About this calculator
LTV (Customer Lifetime Value) and CAC (Customer Acquisition Cost) are the central metrics of subscription and recurring-revenue businesses. The LTV/CAC ratio tells you whether your unit economics work: each customer must be worth meaningfully more than the cost to acquire them, with enough margin to cover fixed overhead and grow.
The formulas
LTV = (ARPU × gross margin%) / monthly churn%. LTV/CAC ratio = LTV / CAC. Payback = CAC / (ARPU × gross margin%).
Common benchmarks
- LTV/CAC ≥ 3 — the canonical "healthy SaaS" target.
- Payback ≤ 12 months for SMB SaaS; ≤ 18 months for mid-market; ≤ 24 months for enterprise.
- Monthly churn under 3% for SMB; under 1.5% for mid-market; under 0.5% for enterprise.
- Net Revenue Retention > 100% means expansion outpaces churn — the gold standard.
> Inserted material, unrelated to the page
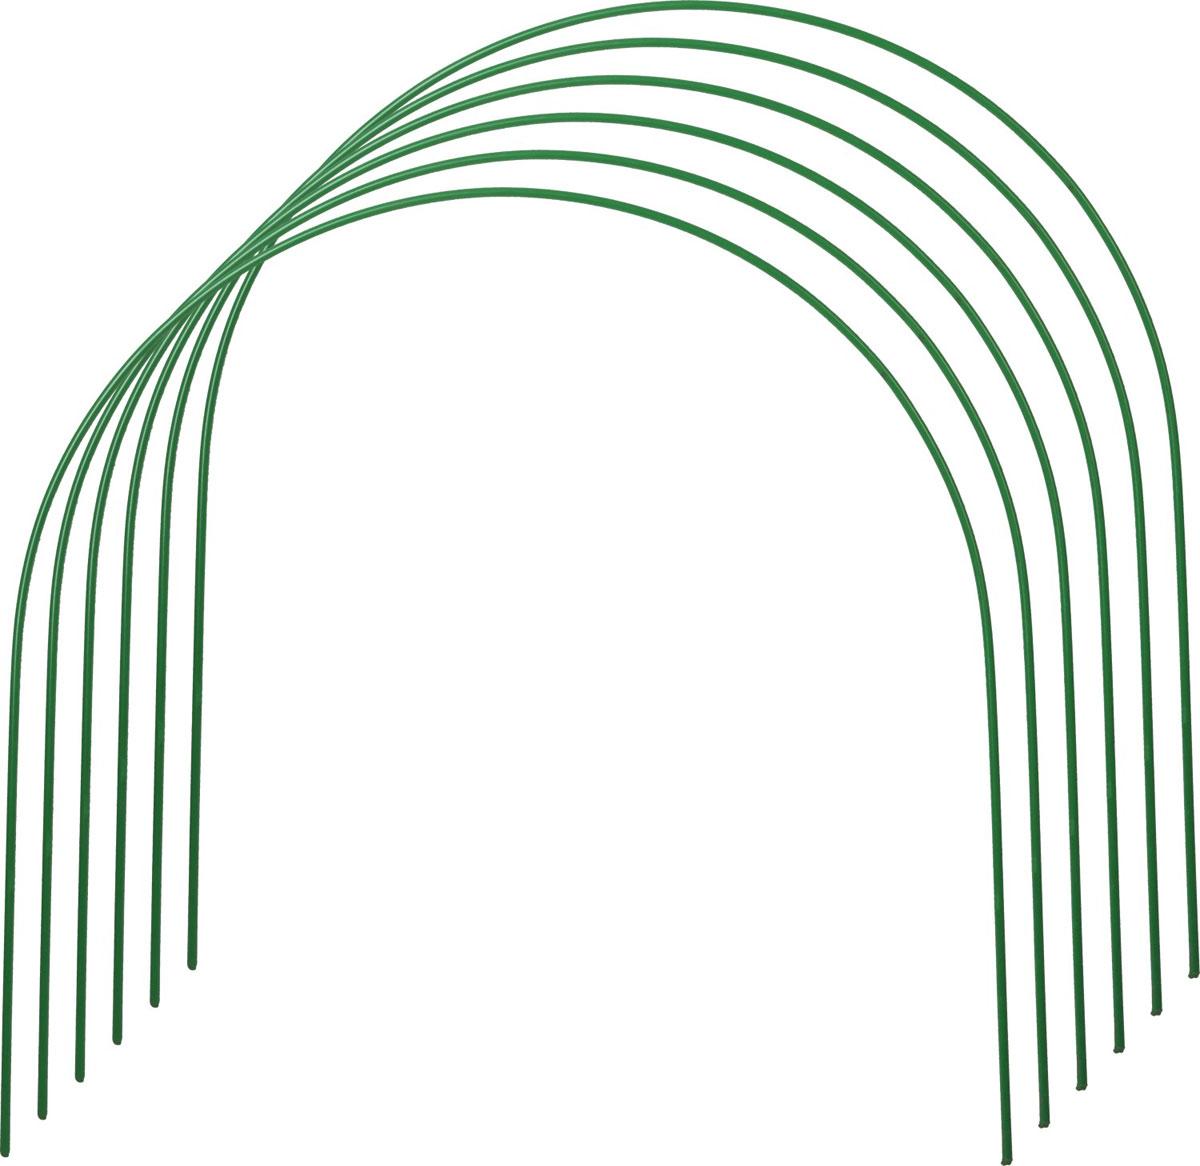 Дуги для парника Grinda, 2 м, 6 шт зажим для крепления пленки к каркасу парника garden show диаметр 20 мм 10 шт

Why LTV is sensitive to churn
LTV = (monthly contribution) ÷ (monthly churn rate). If contribution is $40 and churn is 3%, LTV = $1,333. Drop churn to 2%: LTV = $2,000 — a 50% jump from a 1 percentage-point change. This is why reducing churn is often higher-leverage than acquiring more customers — every customer you retain extends LTV non-linearly.
Common LTV/CAC mistakes
- Ignoring gross margin — using ARPU instead of contribution. Overstates LTV by 10–30%.
- Using cohort average churn during a fast-growth period — new customers haven’t had time to churn yet. Use cohort-aged data when possible.
- Mixing acquired CAC with organic — organic customers should be in the LTV but not in CAC denominator. Separate paid and organic in the math.
- Ignoring expansion — for businesses with seat-based or usage-based pricing, expansion revenue should be added to LTV, not ignored.